To build such a culture, Catalayud said CISOs must first identify the key decision-makers in the company. These are the people who can really say which risks are acceptable and which are not. He recommended categorizing risk by type — from legal to compliance to technology to operations — and then finding decisions makers in each of these areas. From there, he recommended building a risk committee of these decision makers so that assessing what risks to take on can be done in a uniform way.

“The whole idea is that I’m going to start to identify certain types of risk — operations, privacy, availability — and now I’ve identified the key stakeholders who are essentially my customers who I’m going to communicate the results of risk identification. They’re going to say I either accept it or I don’t and if they don’t, I come to them with a plan,” Catalayud said. “Now I’m aligning with the business and I’m going to execute on investments and develop metrics around the health of those investments against a key risk. The goal is to reduce that risk to an acceptable tolerance."

"That’s something organizations sometimes don’t understand," Catalayud said. "The job of CISO isn’t to make the risk of data loss, for example, go away. It's to assess the risk appetite and say to the organization, I can spend $1 million dollars or $50 million dollars to make this data protected. What is your risk tolerance around this data? And then I operationalize the program."

Catalayud compared the role of a CISO to that of law enforcement. Just as radar enforcement, stop signs, and driver’s education make people aware of the rules of the road, a CISO needs to make sure decision-makers know the policies the company wants to follow and then assess whether everyone is doing so.

And he said the only way to truly ensure that such an effort is effective is to rely on extensive metrics and data that document performance compared to these objectives. Whether it’s the time to respond to an incident or the number of times employees have violated a policy, metrics are a CISOs friend.
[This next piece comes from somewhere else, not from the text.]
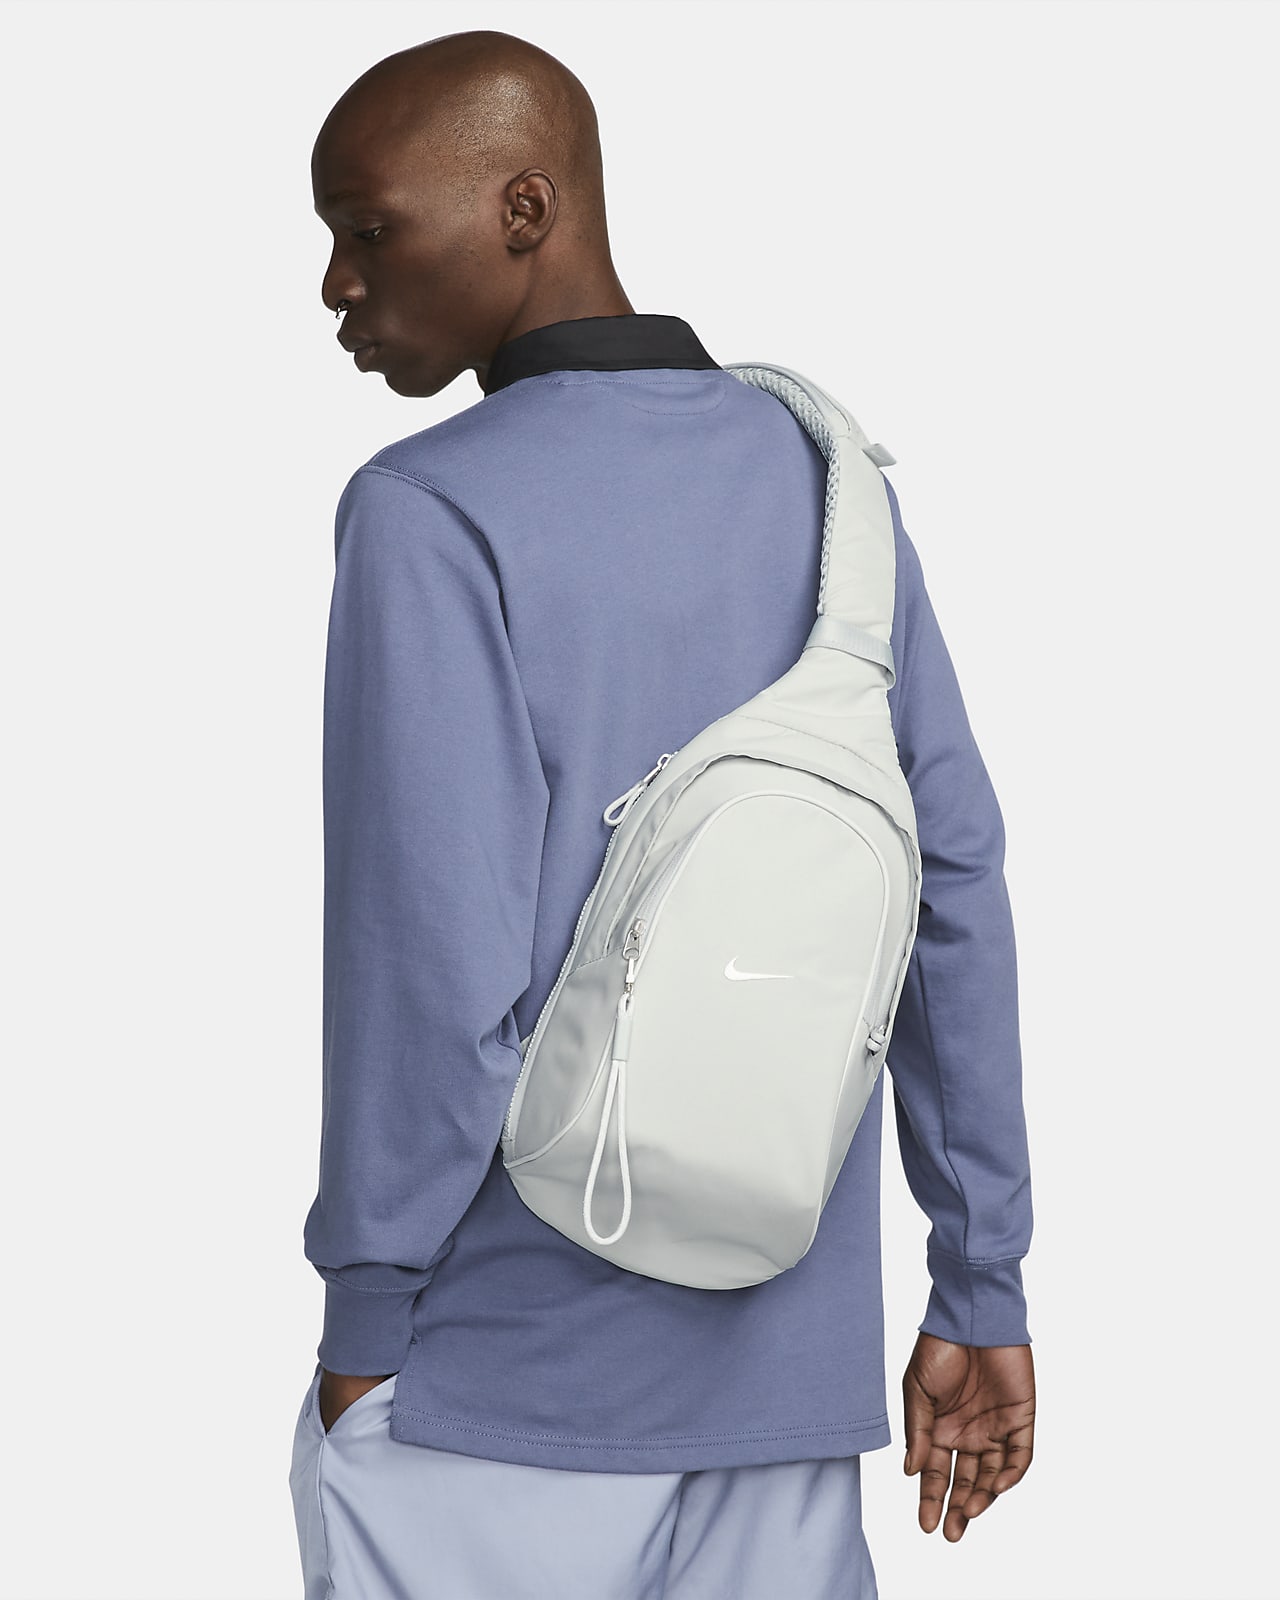 Details 103+ sling bag

“I love positioning a cybersecurity program around metrics because it’s unemotional when I need budget. If I tell you that it takes my current team 138 days to identify an insider threat and protect and mitigate the company from that incident and they’re telling me their biggest risk is insider threat and stolen intellectual property, the board and the executives are immediately going to say, what is it going to take to go from 140 days to 3 days? And my program should be measuring whether I’m successful in meeting that commitment. And if I’m not successful, I should be communicating to executive staff where the program is deficient. Is it people, process and technology? Do I have enough people to respond? Do I have technology giving me insight into whether or not incidents are getting a response? A lot of times executives are unsure about what success looks like for the million dollars that's put into the cybersecurity program. The answer shouldn’t be that ambiguous,” Catalayud said.

Catalayud’s paradigm of sharing ownership of risk in an organization, categorizing risks, and forming a committee to make decisions about risk tolerance appeals to me. With such an approach, everyone in the business has buy-in to risk and CISOs are not blamed for impeding progress. The company can identify the highest, medium, and lowest risks and then measure their risk appetite with regard to those risks. It makes the process of risk management rational and less emotional, which can only lead to better outcomes.